The fight against sects reveals the French reluctance towards pluralism and religion. According to Étienne Ollion, the sectarian phenomenon must nevertheless be understood through a sociology of the State rather than through a sociology of religion.
This book addresses a highly controversial issue, that of the policy adopted by France in the face of sectarian phenomena, that is to say in the face of these religious groups or so-called religious groups which, considered dangerous, would justify the intervention of public authorities. A controversial issue not only in France but also in other countries, and which was the subject of strong diplomatic tension between France and the United States at the turn of the 2000s, the latter accusing France of infringing on religious freedoms in the way it approached the issue of sects and implemented a vigorous policy of combat aimed at neutralizing them. Strongly demanded and supported by anti-sect associations, this policy was obviously contested by the religious groups it targeted, in particular by the Church of Scientology and Jehovah’s Witnesses, groups which mobilized, including on the legal level, to denounce the stigmatization to which they were subjected and to defend their rights to profess and practice their religion.

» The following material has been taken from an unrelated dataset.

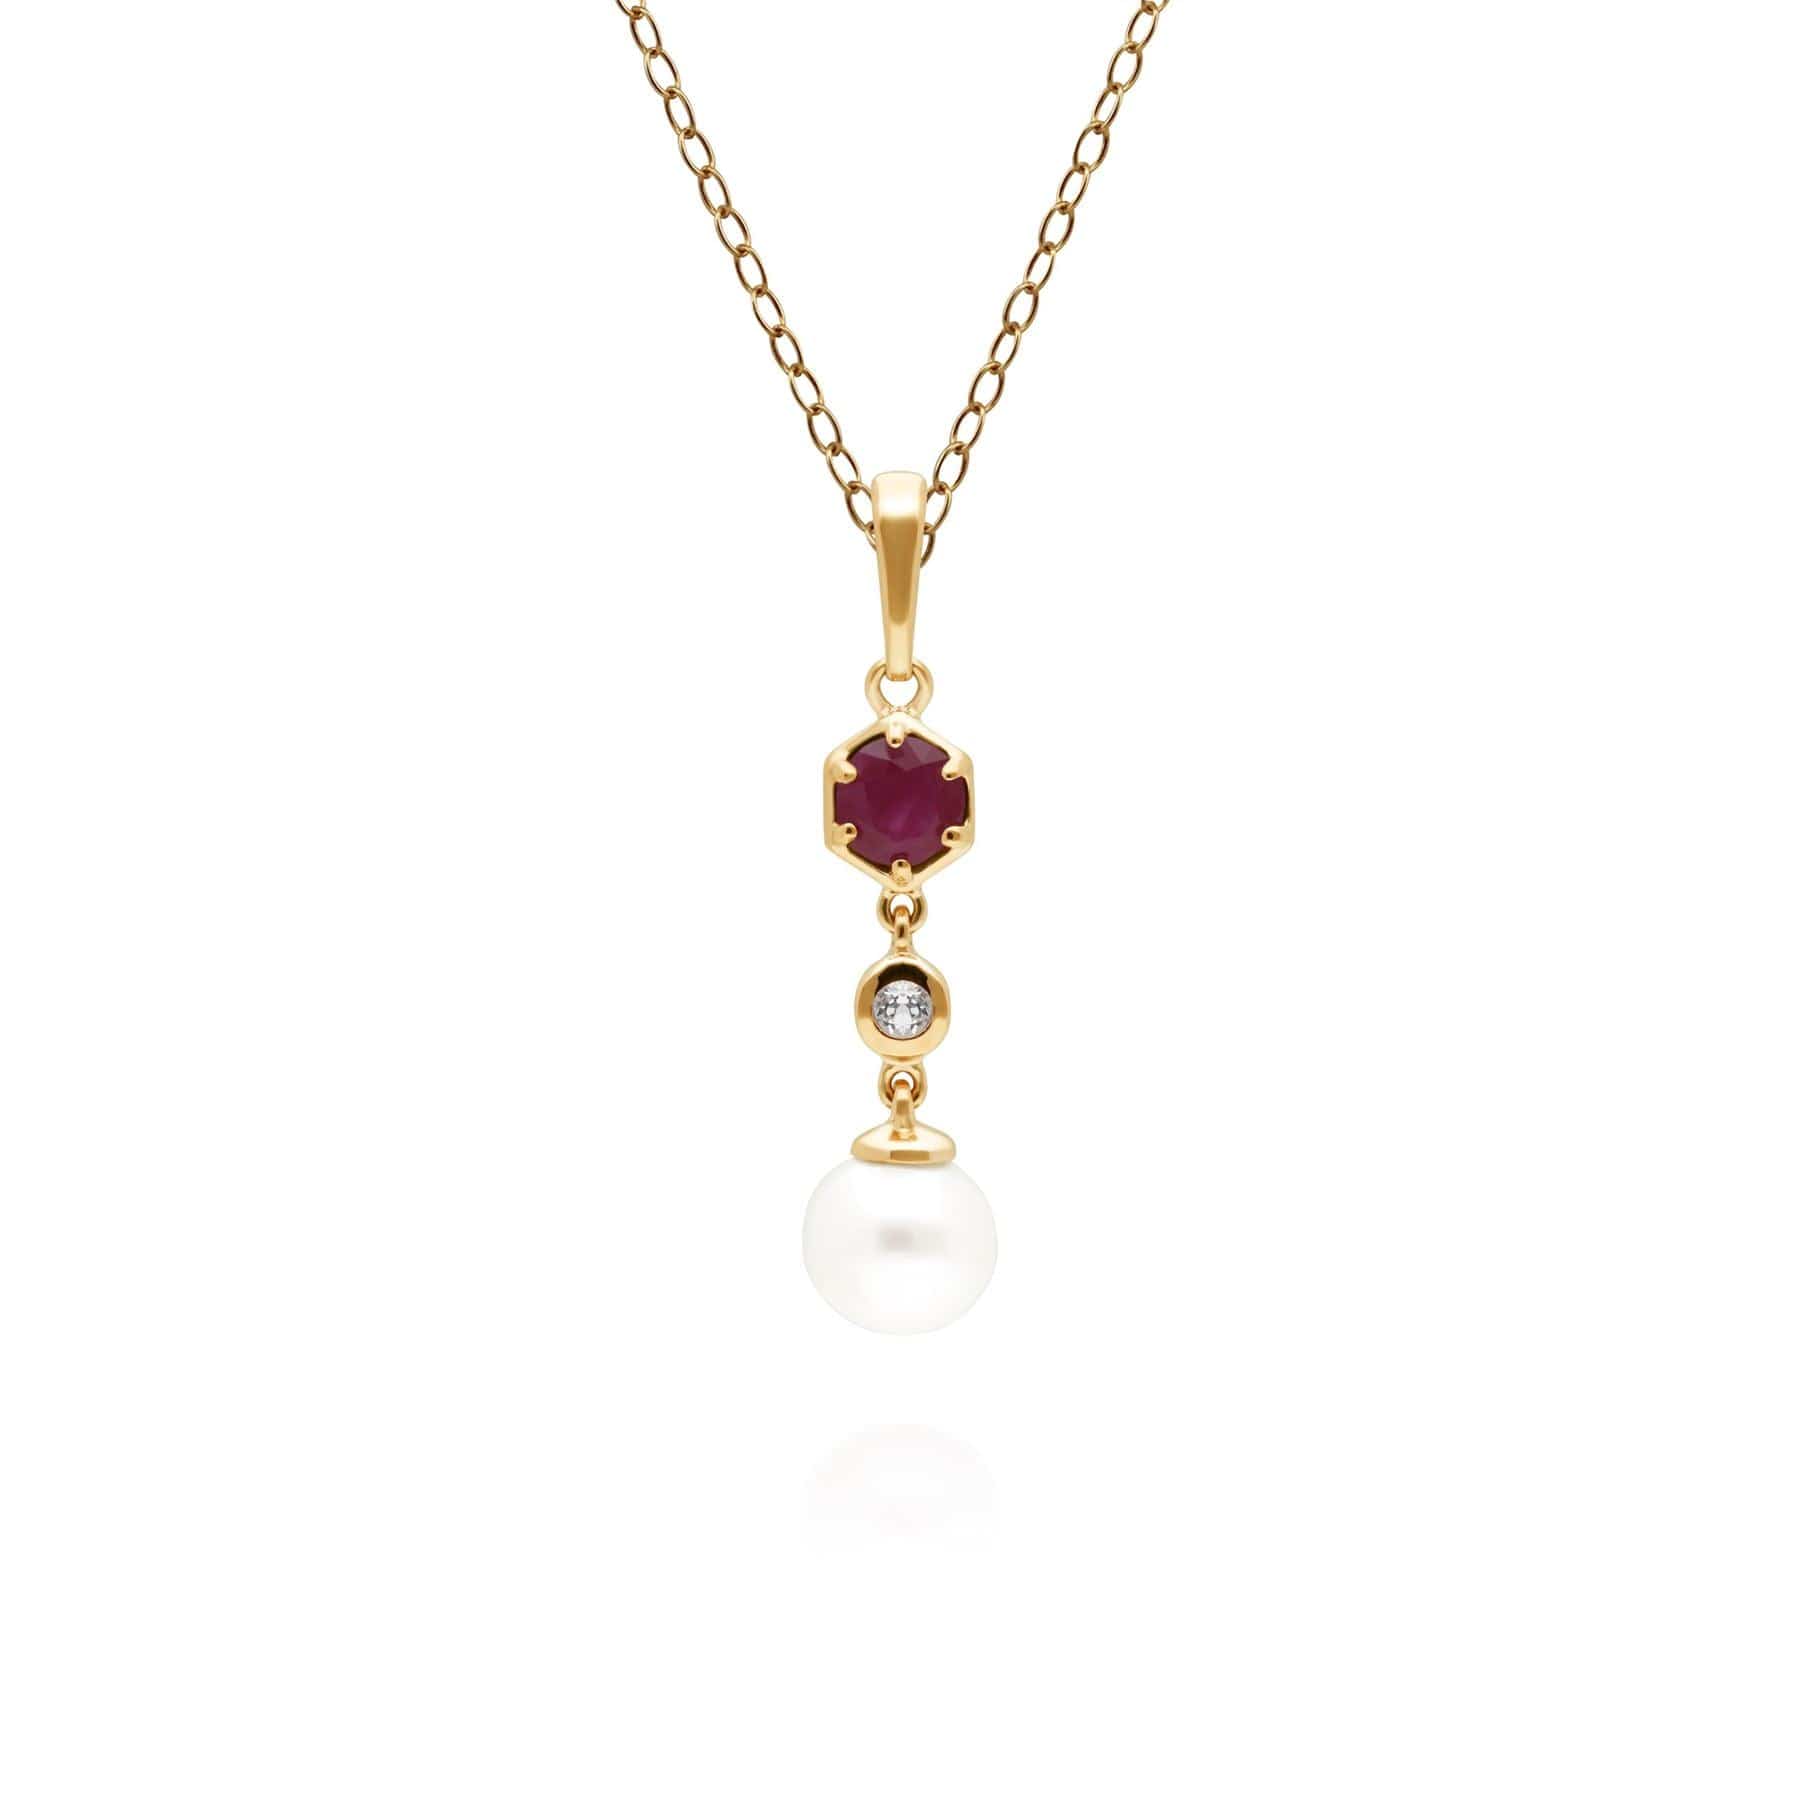 Photos - Pendant / Choker Necklace Modern Pearl, Ruby & Topaz Drop Pendant in Gold Plated Silver

State policy towards “sects” was also contested by sociologists of religions who, while insisting on the need, from a socio-historical point of view, to strongly relativize the notion of “sect”, saw in this repressive policy the manifestation of French reluctance both with regard to pluralism (cultural and religious particularities perceived as a threat to the unity of the nation) and with regard to religion (perceived as a generator of communitarianism and as a threat to republican secularism).
The myth of a France eaten away by the sectarian phenomenon
Attentive to the chronology and determinants of France’s public policy, Etienne Ollion’s study is based on an empirical survey conducted from 2007 to 2012 (mainly in France but also in the United States) which made it possible to mobilize four sources of data: interviews (80 with 65 people), archives (from ministries and associations), observations and press data. The study is very well documented and the author validly restores the history of this fight against sects in France. He deflates the media hype describing a France invaded by sects by noting for example that by cross-referencing different sources, we can conclude that the Moon movement never had more than 200 members in France.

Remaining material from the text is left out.